Prospects for the direct detection of the cosmic neutrino background
Andreas Ringwald

TL;DR
This paper reviews the prospects for directly detecting the cosmic neutrino background using weak interaction techniques, highlighting current technological limitations and future experimental possibilities.
Contribution
It provides a comprehensive overview of existing detection methods and assesses their feasibility with current and future technology.
Findings
Current detection proposals are several orders of magnitude away from being feasible.
Neutrino capture on beta decaying nuclei is the most promising future approach.

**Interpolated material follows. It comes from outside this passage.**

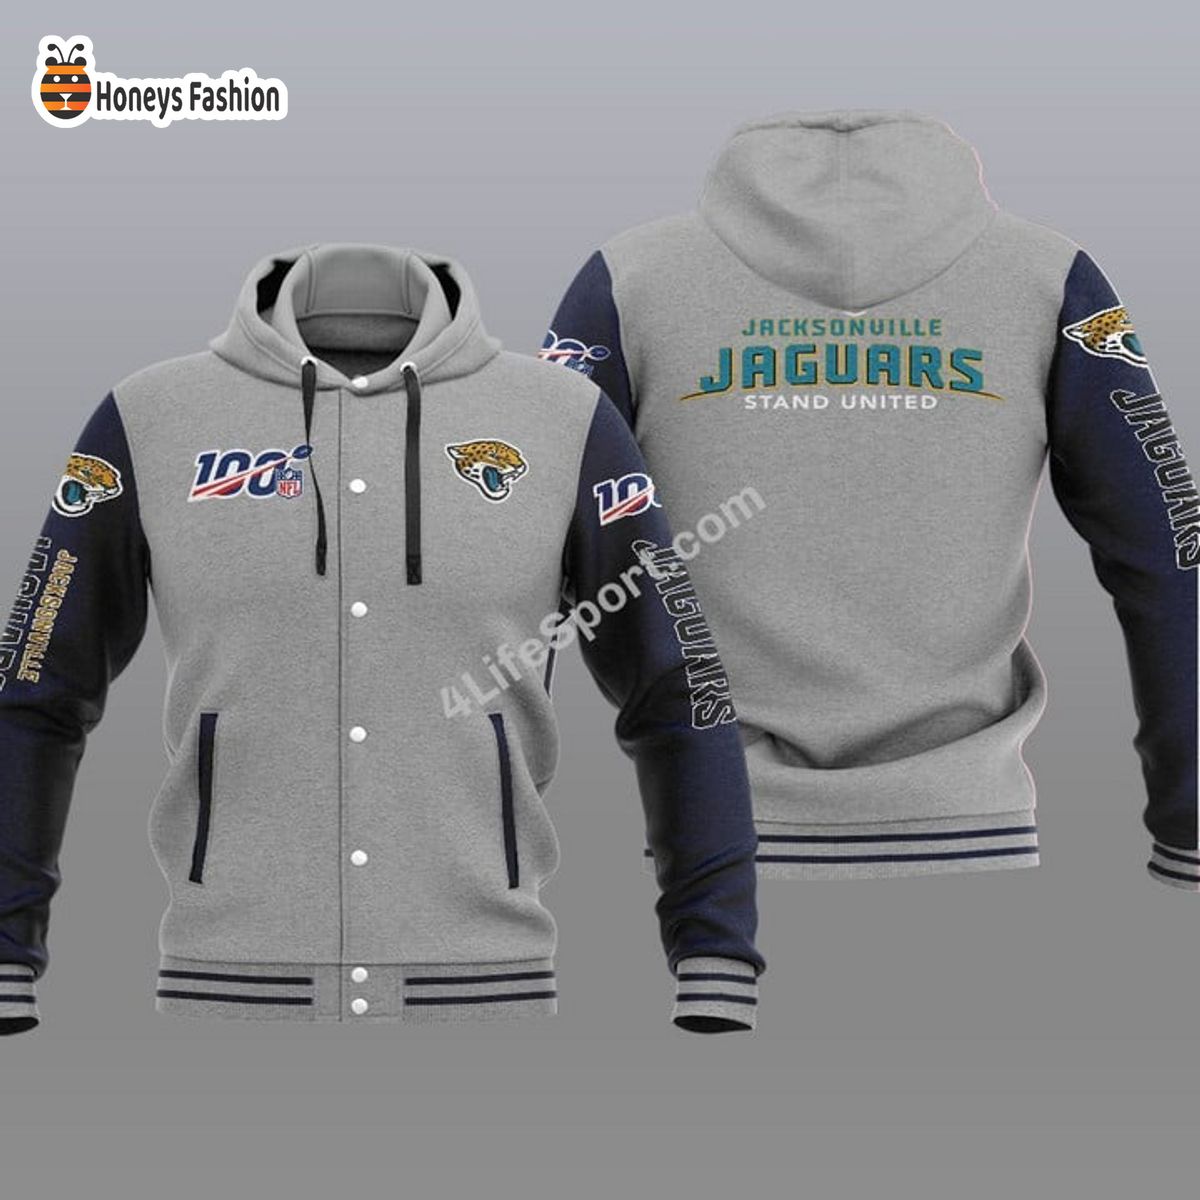 Jacksonville Jaguars 100th Anniversary Season Hooded Varsity Jacket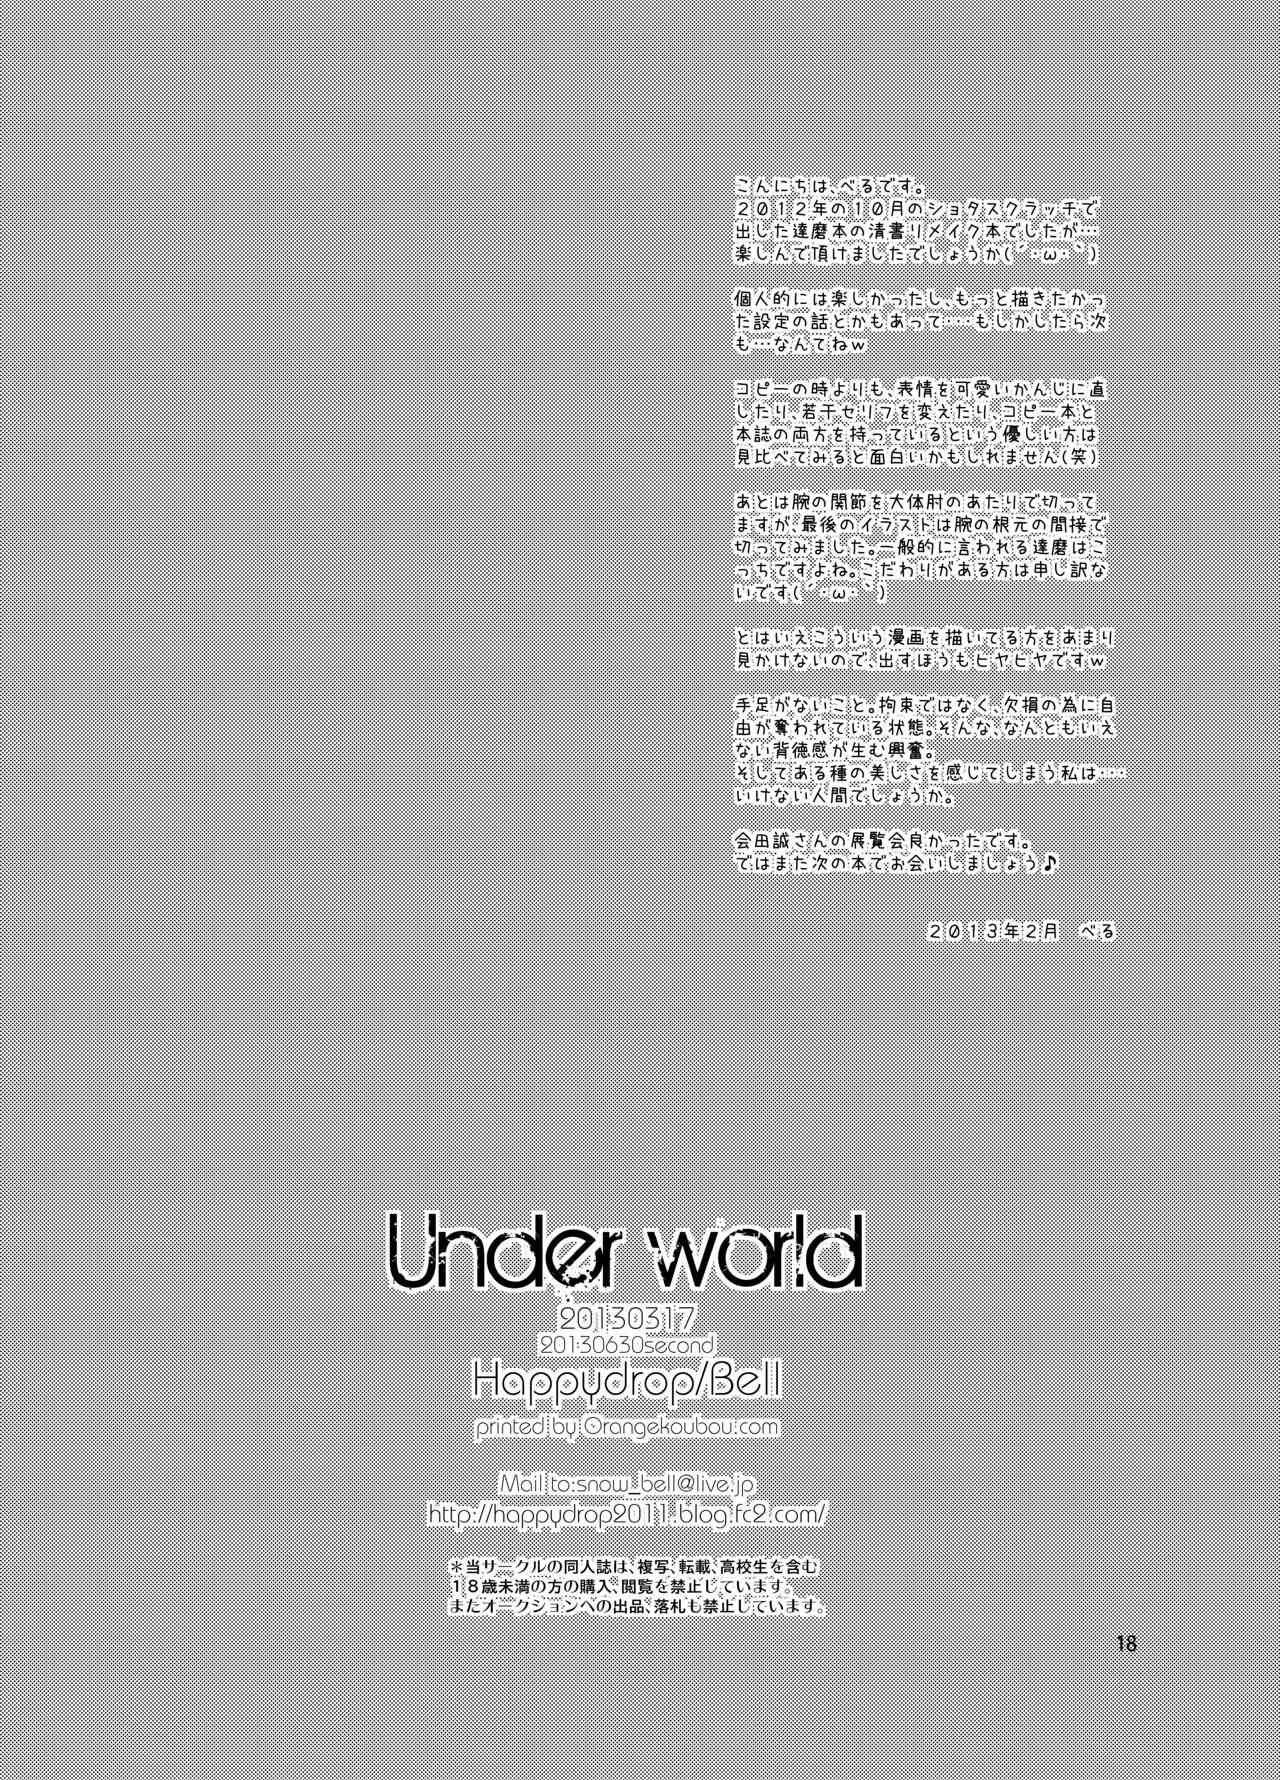 Underworld 16

Existing indirect evidence supports the cosmic neutrino background's existence.
Abstract
The existence of a cosmic neutrino background -- the analogue of the cosmic microwave background -- is a fundamental prediction of standard big bang cosmology. Up to now, the observational evidence for its existence is rather indirect and rests entirely on cosmological observations of, e.g., the light elemental abundances, the anisotropies in the cosmic microwave background, and the large scale distribution of matter. Here, we review more direct, weak interaction based detection techniques for the cosmic neutrino background in the present epoch and in our local neighbourhood. We show that, with current technology, all proposals are still off by some orders of magnitude in sensitivity to lead to a guaranteed detection of the relic neutrinos. The most promising laboratory search, based on neutrino capture on beta decaying nuclei, may be done in future experiments designed to measure the…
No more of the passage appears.